Want to learn how to make Kimchee? This chef holds classes in Logan Square to pass on his family recipe

LOGAN SQUARE — Korean-American home chef Haejung Kim has hosted kimchee-making classes in Los Angeles for years, sharing his family’s recipe with anyone who wants to learn — and now she’s bringing them to Logan Square.

During the class, students learn how to prepare cabbage for kimchee, chop the ingredients, and make a spicy paste that mixes together at the end. They leave class with a quart-sized pot of homemade kimchee and the knowledge they need to make it themselves, Kim said.

Kim’s first class in Chicago will be on September 24 from 10 a.m. to noon at 1825 N. California Ave. You can register online here for $65. The seats are limited. Information about future classes will be shared on his Instagram.

Kim provides all the utensils and ingredients she buys the night before or the morning of a class. In addition, it offers Korean snacks. She only asks that students bring their own aprons, she said.

Kim walks students through every step and every ingredient, and she lets them know where they can get it all on their own.

“When I looked around, no one else is teaching a kimchee class in Chicago,” she said. “If someone wants to learn, there’s really no one else teaching it.”

Kim grew up making kimchee with her family on her grandmother’s farm in Korea, and the food gives her a “nostalgic feeling,” she said.

“They used to bury it in the soil at my grandmother’s farm to slowly ferment in the winter,” said Kim, 48. “I just have a lot of fond memories of cooking with my aunts and my grandmother.”

Kim’s classes will be “very intimate and warm” as they will be held in her home with a maximum of six people.

“Most people can look online and get a recipe. But with ingredients you don’t know, it really helps to have someone guide you through the process,” she said. “Kimchee could be one of those things.”

Kim asked her mother to teach her how to make kimchee about 10 years ago. She would also invite friends over to practice making kimchee, which led to more formal classes at her home and at a communal kitchen in Los Angeles.

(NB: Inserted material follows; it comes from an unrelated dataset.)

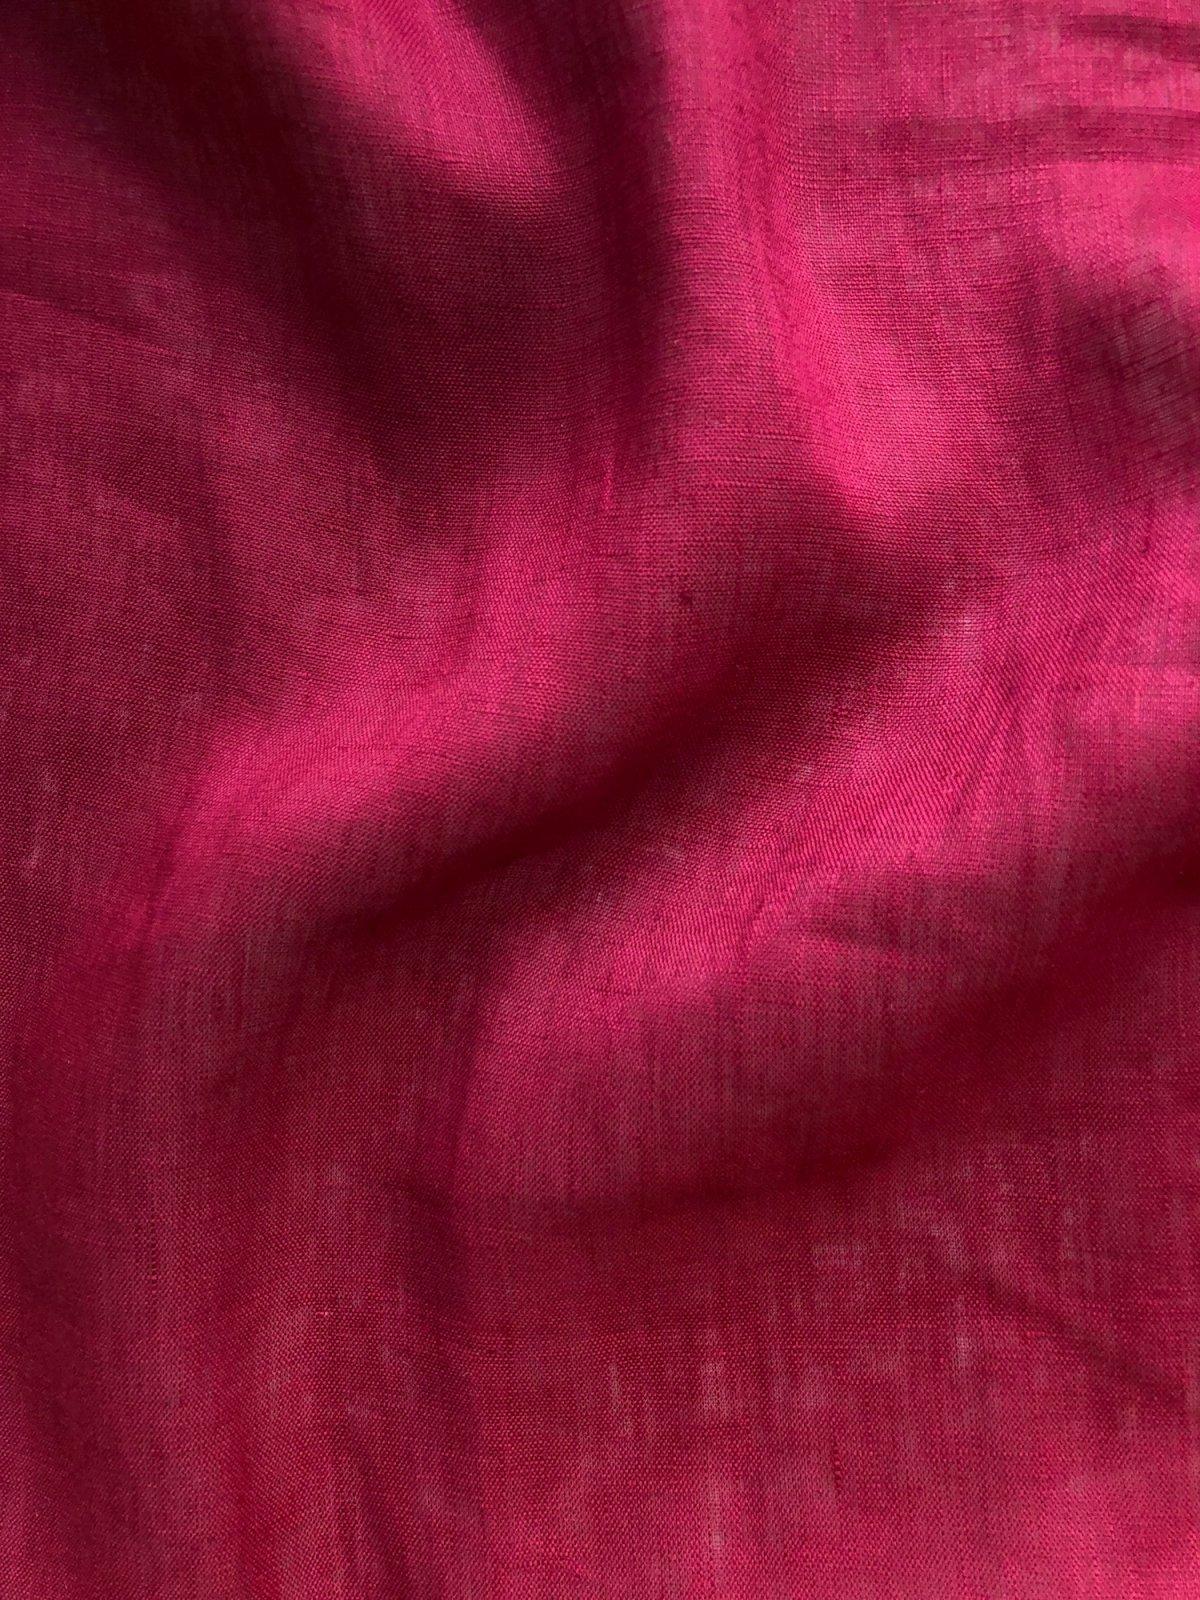 Handkerchief Linen - Jam
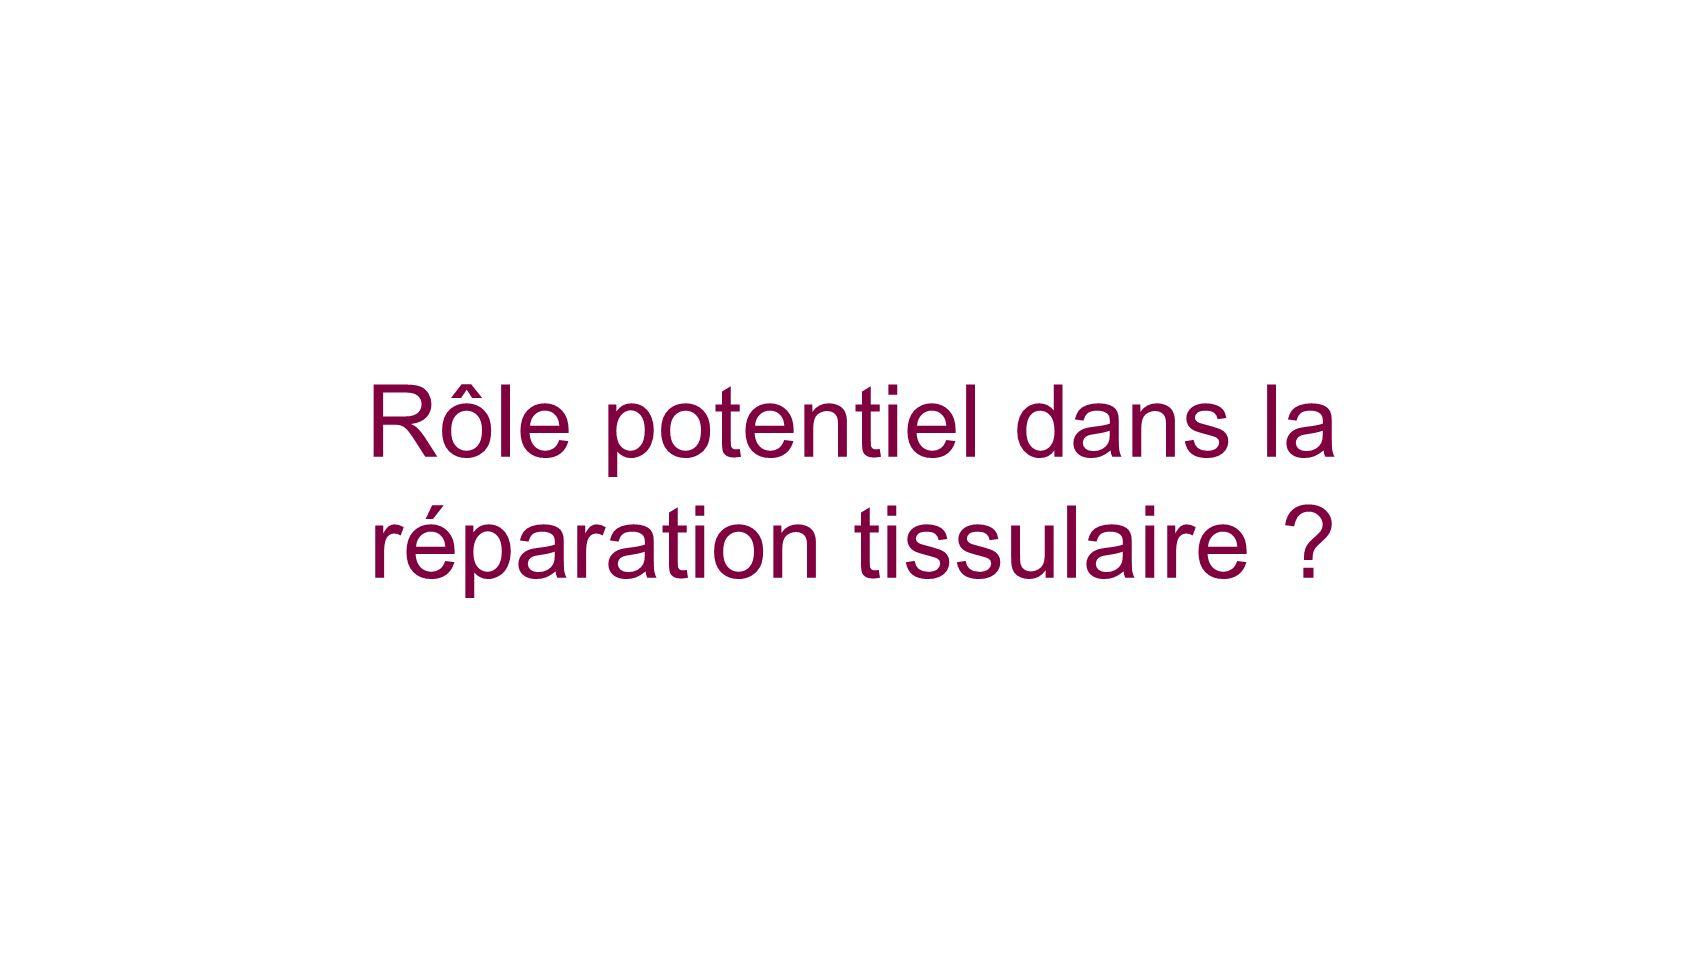 Rôle potentiel dans la réparation tissulaire ?

Kim moved to Chicago about a month ago and wants to continue her job.

“I found this really cool thing that was passed on to me, and I just wanted to pass it on to other people,” Kim said. “When you cook ethnic foods, there is a blockage, a bump that you have to get over. And I kind of want to hold your hand and help you get over this hump if you have any curiosity about kimchee.

Kimchee is traditionally a community food. The Korean word “kimjang” describes the act of making and sharing kimchee with a group of people.

“That’s kind of the heart of the community aspect,” Kim said. “Doing it together and then giving it away.”

Learning to make kimchee is a craft, and it doesn’t happen the same way every time, Kim said. But once you learn how to do it, you can do it forever, she said.

“Some people like it fresher. Some people like to let it ferment longer,” she said. “The flavors will evolve. That’s the interesting thing too. It’s always a little bit different.